Лесницкий. Есть какой-то тайный смысл в нынешней бессмыслице. Не может быть, чтобы мы гибли даром! Но смысл запрятан глубоко, не сыщешь.
Мара. Любви ждала жадно. И — тоже ребячество — любви безответной. Ненужной тому, кого любишь. Казалось, что так трогательно и тонко, что ли, — молча страдать, видеть холодное равнодушие на любимом лице… (Опуская голову.) И это теперь исполнилось, к несчастью. Напророчила сама себе.
Лесницкий. Мара, вы не сердитесь на меня?
Мара. За что?
Лесницкий. Все время чувствую себя виноватым без вины. Я ведь знаю, что… любите вы меня, и не могу ничего дать взамен. Ничего не могу.
Мара. Не надо об этом, Дима. Мне больно.
Лесницкий. Я уже давно сам себе не принадлежу. Отдан весь, без остатка.
Пауза.
Мара. А если та, от кого вы так ждете писем, забыла вас, вышла замуж?
Лесницкий (вздрогнув, почти крича). Это невозможно!
Мара. Теперь нет ничего невозможного. Если и вы станете ненужным?
Лесницкий (упавшим голосом, спокойно). Тогда я умру. Сейчас же.

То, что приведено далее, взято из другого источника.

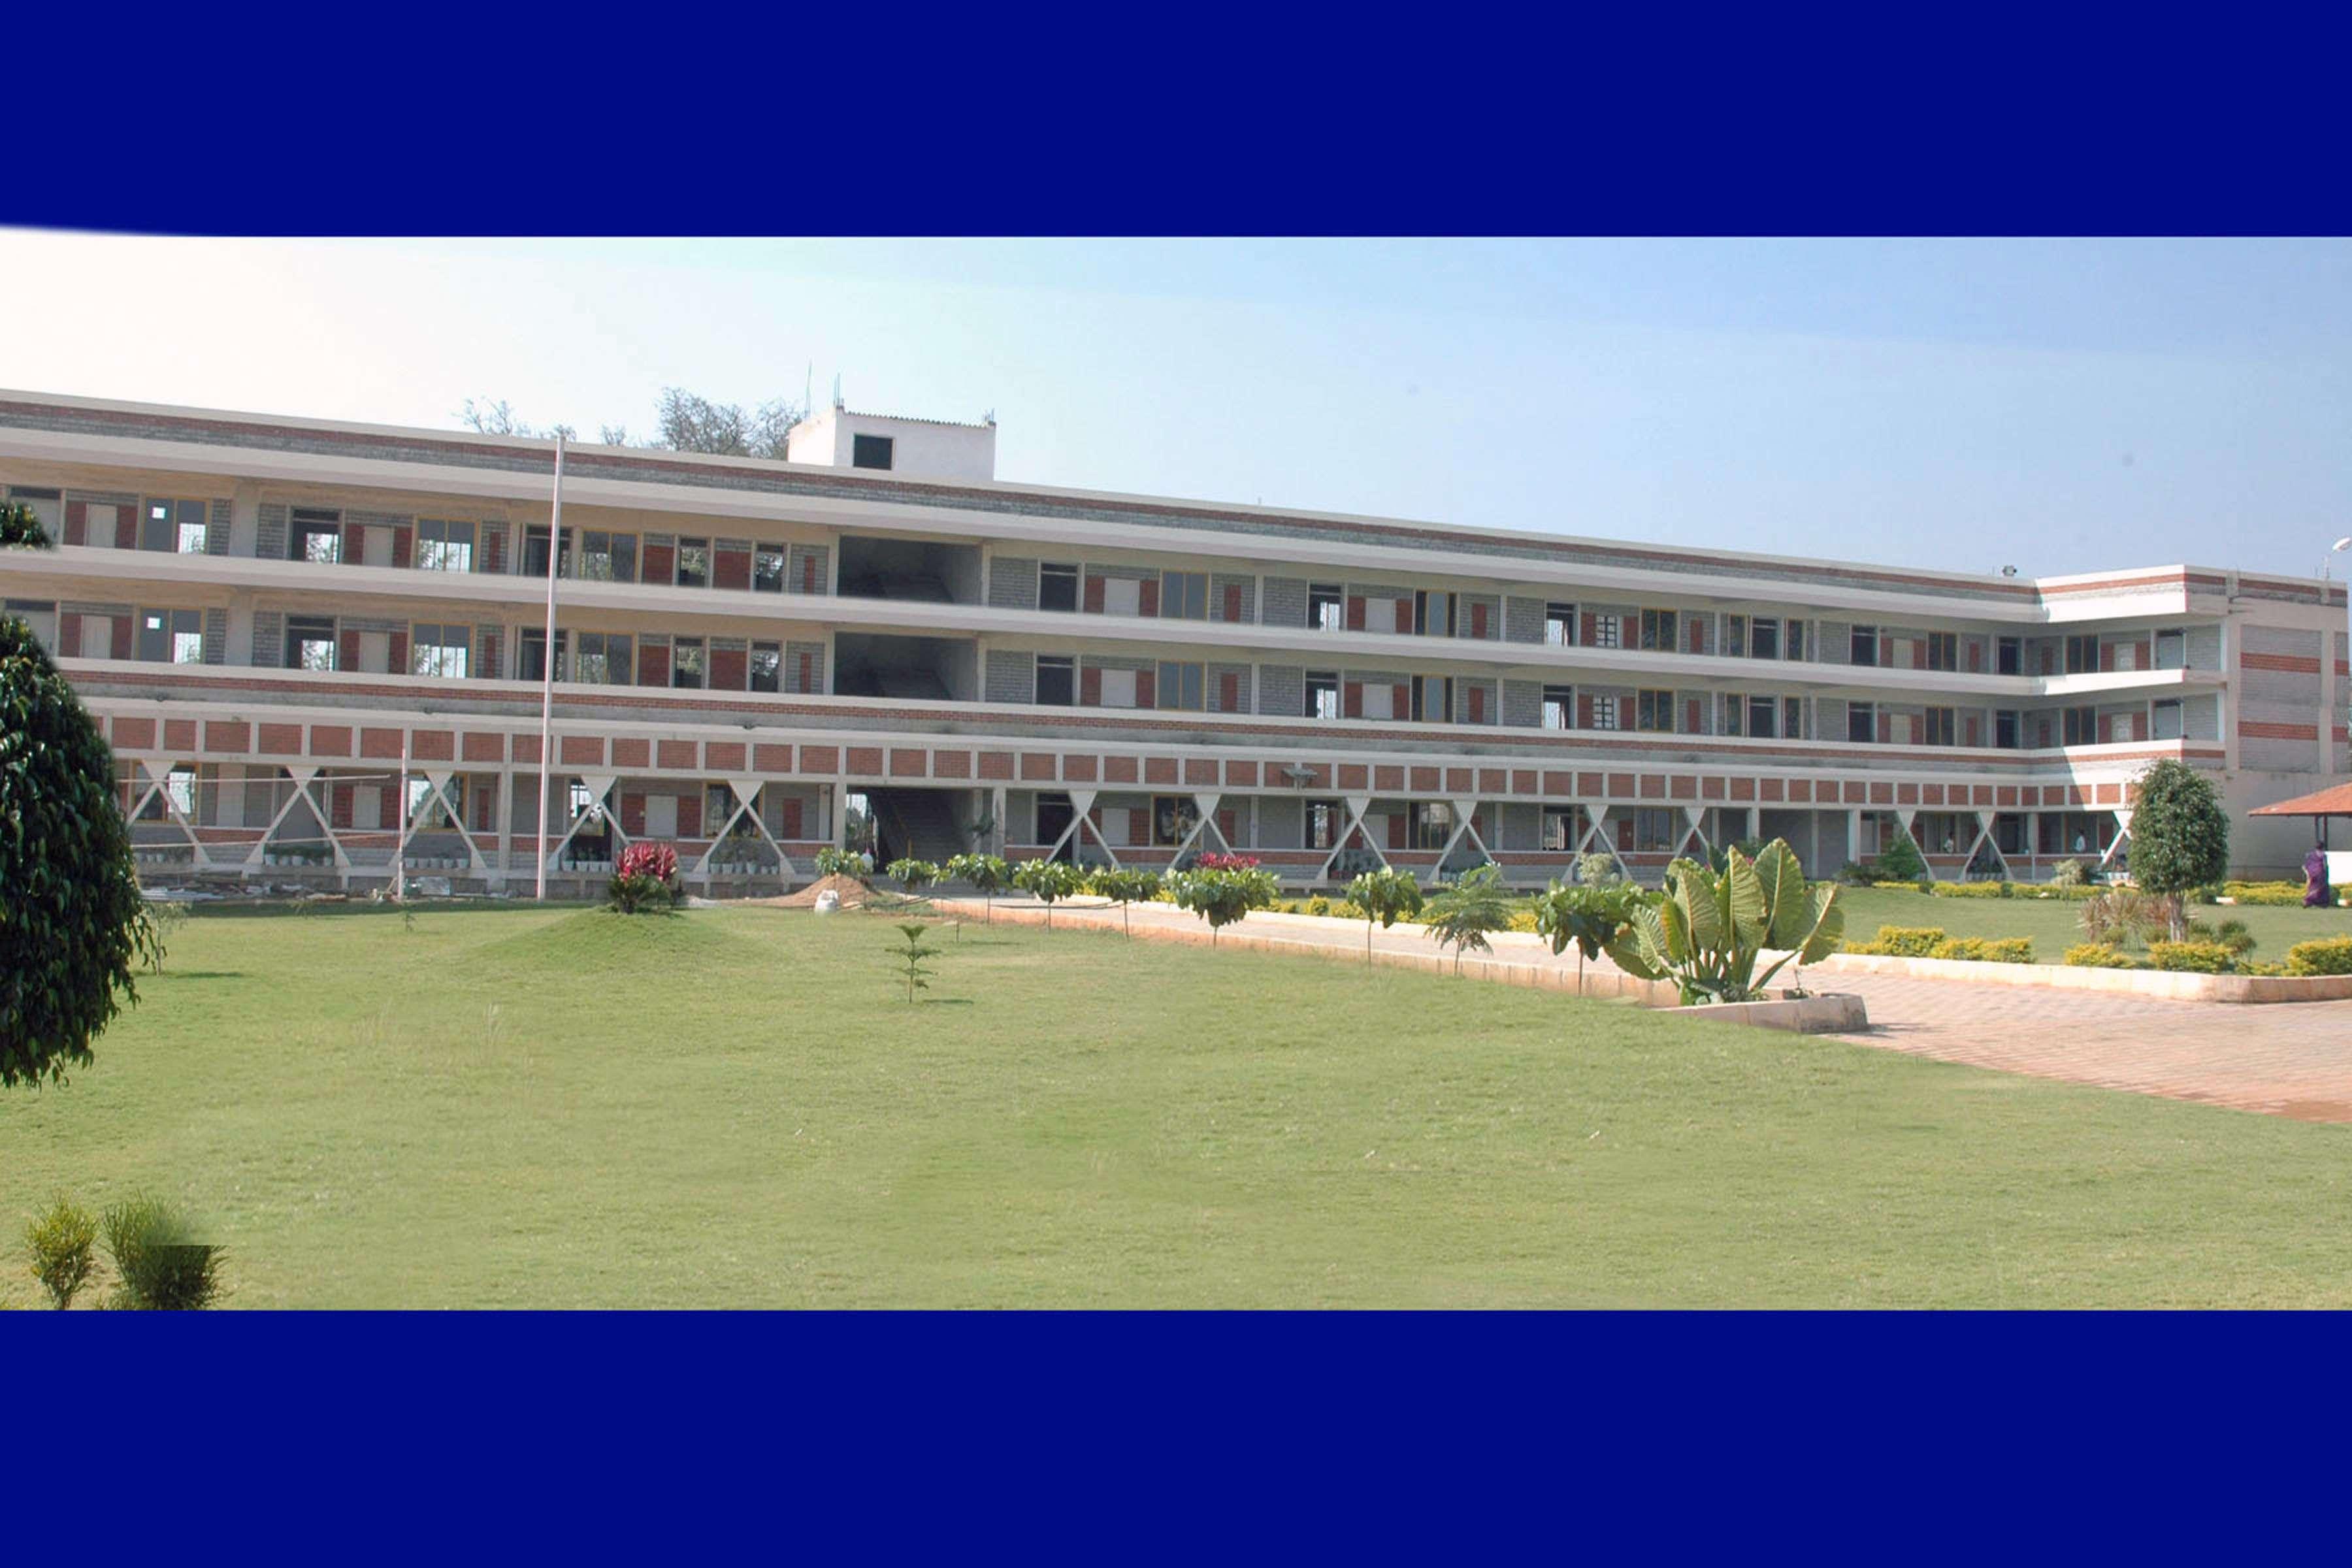 M S V Public School M S Vidya Peeta Trust Nelamanagala RoadDoddaballapur 830343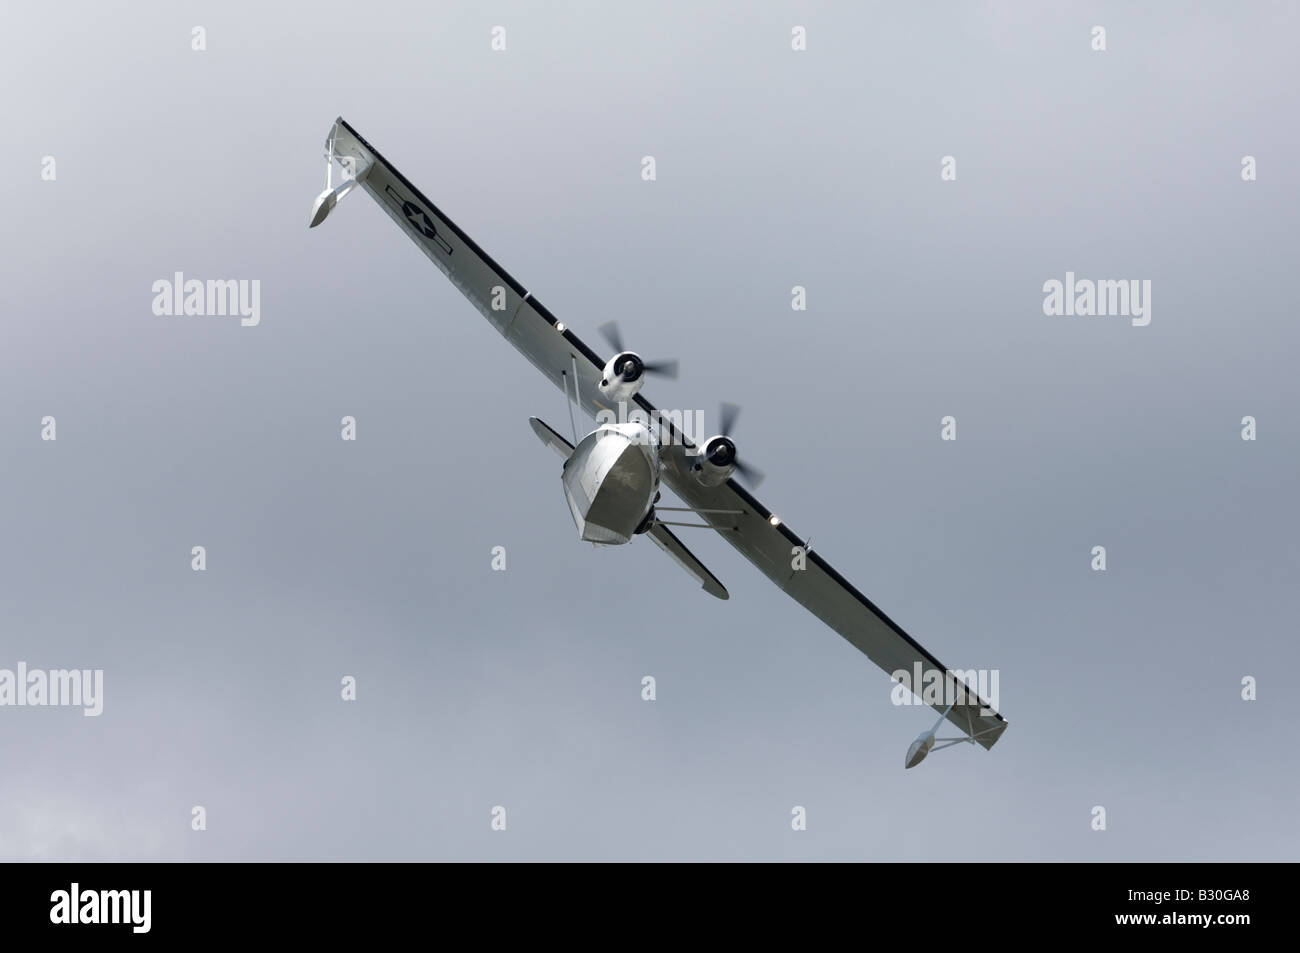 PBY Catalina seaplane - Stock Image

Мара (вполголоса). Нет, не надо. Пусть я задохнусь молча, только бы вы жили и были счастливы. Пусть лучше она… (Громко.) Не слушайте меня, Дима. Я говорю вздор.
Лесницкий. Я подумал сейчас о том, что мне следовало бы уехать отсюда куда-нибудь.
Мара. Не знаю. Может быть.
Входит Сумцов.
Сумцов. Что это вы, господин хороший, на огород не изволили прийти, а?
Лесницкий. Ах да, яи забыл. Иду. (Заметив в руках у Сумцова письмо.) Это не мне, случайно?
Сумцов. Тебе, из России. Только не получишь, пока не выполнишь наряда по поливке.
Лесницкий. Разве этим шутят, дядя?!
Сумцов. Ну, на, на. Я же понимаю. (Лесницкий берет письмо и уходит, разрывая на ходу конверт.) Теперь, дай Бог, успокоится. А то ходит все, шляпа, как в воду опущенный. (Садится рядом с дочерью.) Чего это девочка моя такая грустная? Обидел кто?
Мара. Нет, так. (Кладет голову на плечо отца.) Нехорошо теперь жить, папа, совсем нехорошо.
Су мцов (ласково). Стыдись, Мара! В двадцать два года такую пессимистику надо в бараний рог гнуть. Была бы здорова, детка, а все остальное приложится. Жизнь хороша, поверь мне, старому пистолету.